I am working with a dataset with only 8 subjects. I am working with a rare event so increasing the sample size is not a possibility. I was wondering if I can do a one sample T-test with this data if the normality assumption is satisfied? Or a Wilcoxon one sample signed rank test, if not? In addition, does it make sense to do a test (parametric or nonparametric) with only 8 subjects? Thank you in advance for your response!
Of course you can do a test with 8 observations.

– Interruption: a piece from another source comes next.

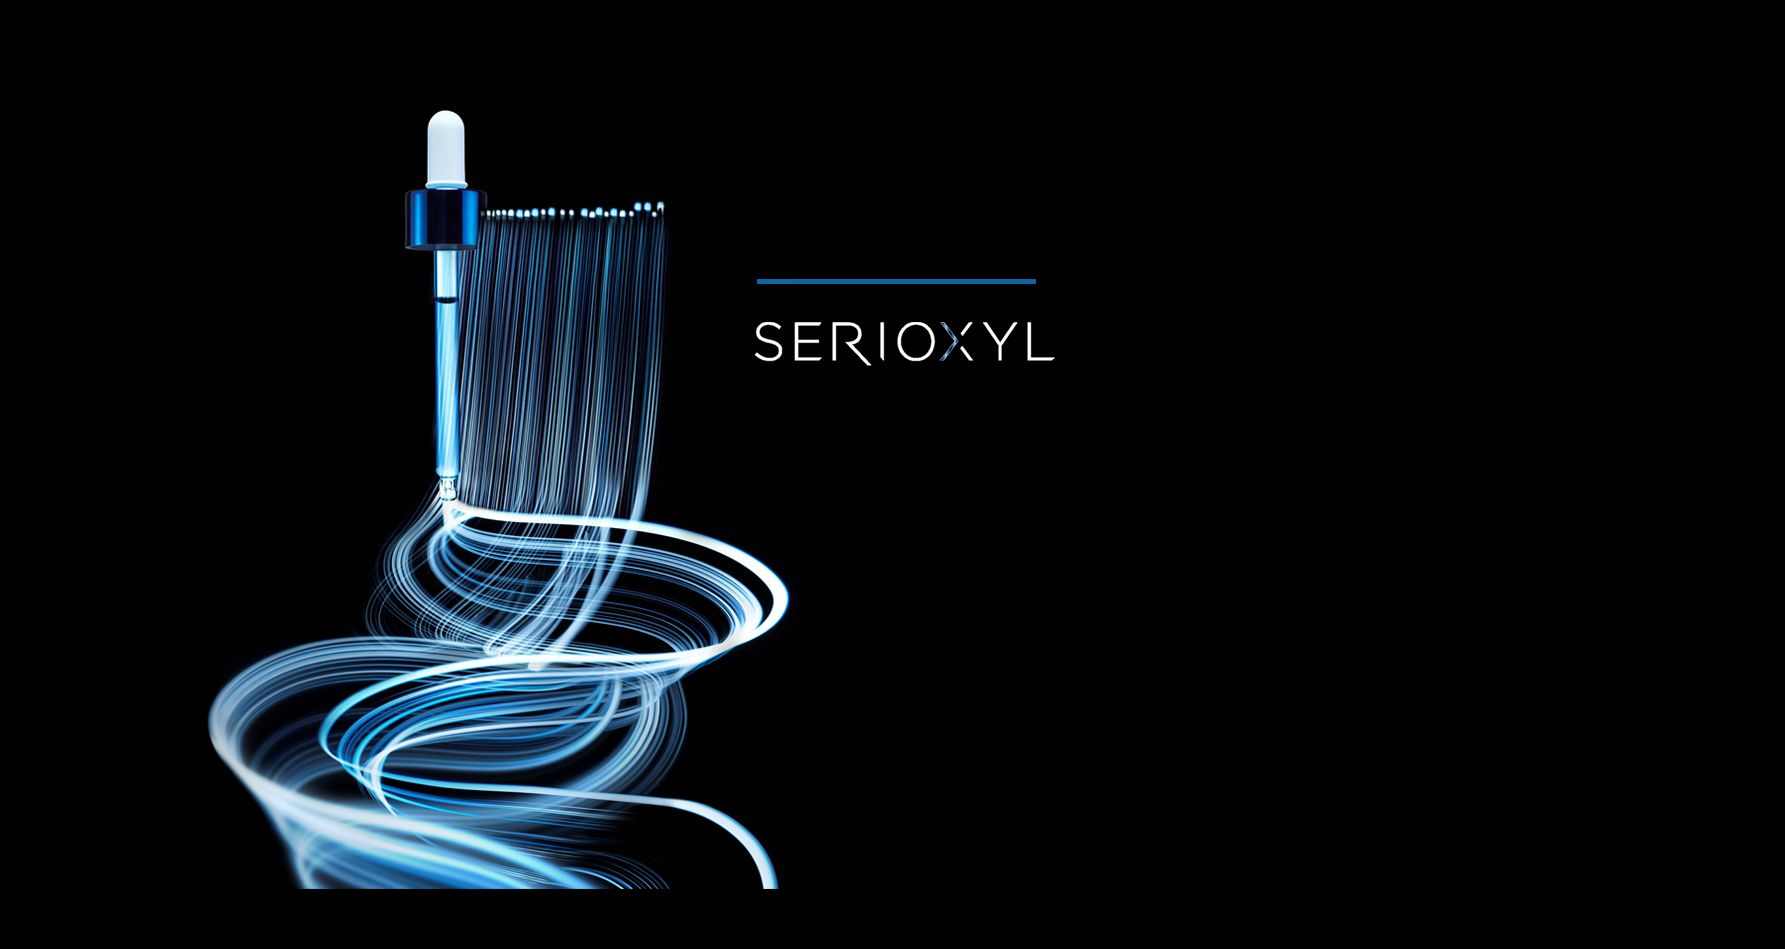 Serioxyl Pipette and Logo

The reason is that tests of significance were designed and developed for small samples. Before that, scientists had to collect very large samples so they could look at the descriptive statistics and histograms and say things like "Hmm, looks pretty different to me." Then their friend(?) down the hall would say something like "Hmmm, I'm not sure. Looks like some funny outliers there."
Tests of significance permitted scientists to come to conclusions with small samples.

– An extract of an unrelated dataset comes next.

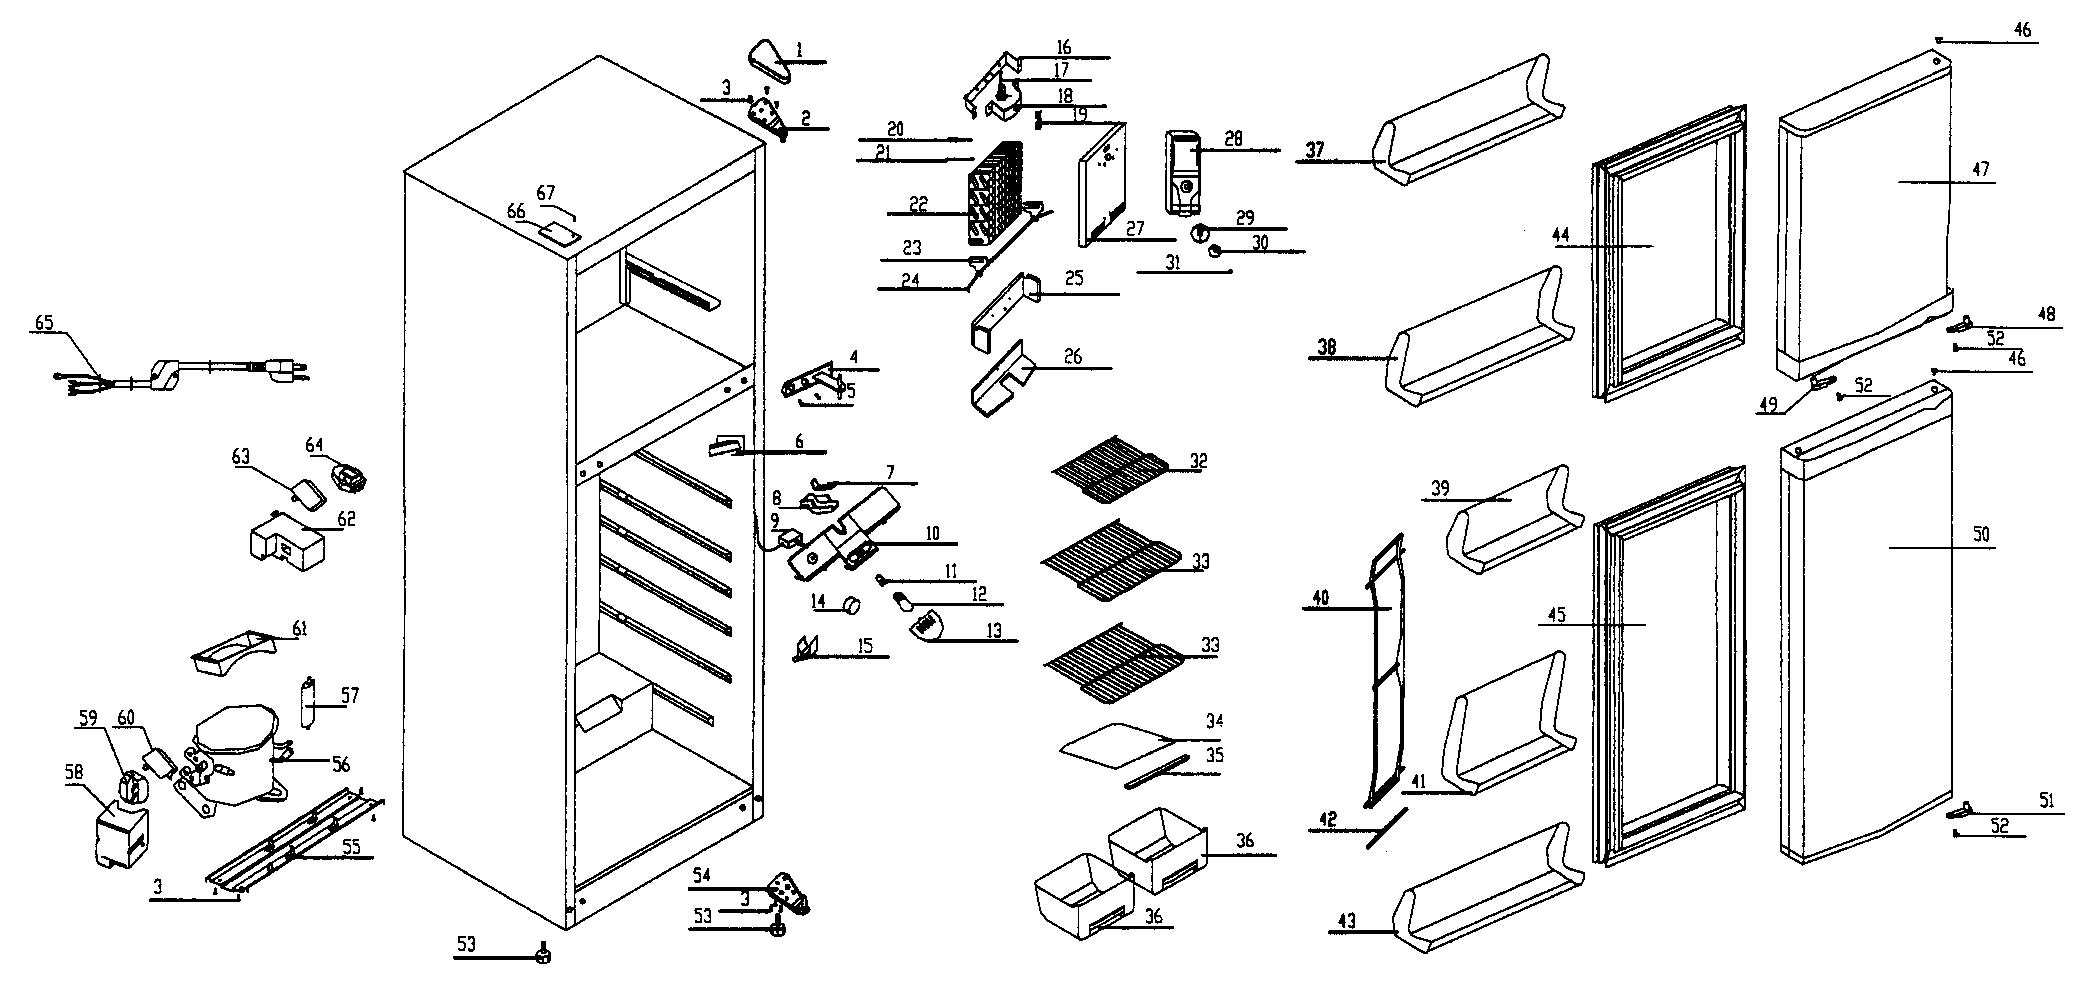 haier fridge diagram

This was Student's (true name, WS Gossett) problem as a chemist for Guinness Breweries. He took samples of stuff, tested it in the lab, and then did statistical comparisons. Doing lab work used up his time and he could often only get small samples.
Some samples are too small, of course. I think five is about as low as you can go because (1/2)^5 is 1/32 or just smaller than .05 but (1/2)^4 is 1/16 or just larger than .05. But then .05 isn't so important anyway so maybe n = 4 is about as low as you can go (since (1/2)^3 = 1/8) and still use statistics.
Likert scale data is problematic for a lot of standard statistical techniques, but in your case the sample size is probably too small to resolve the discreteness of your scale. It's probably okay to do a t-test, but I would probably choose the more non-parametric sign test.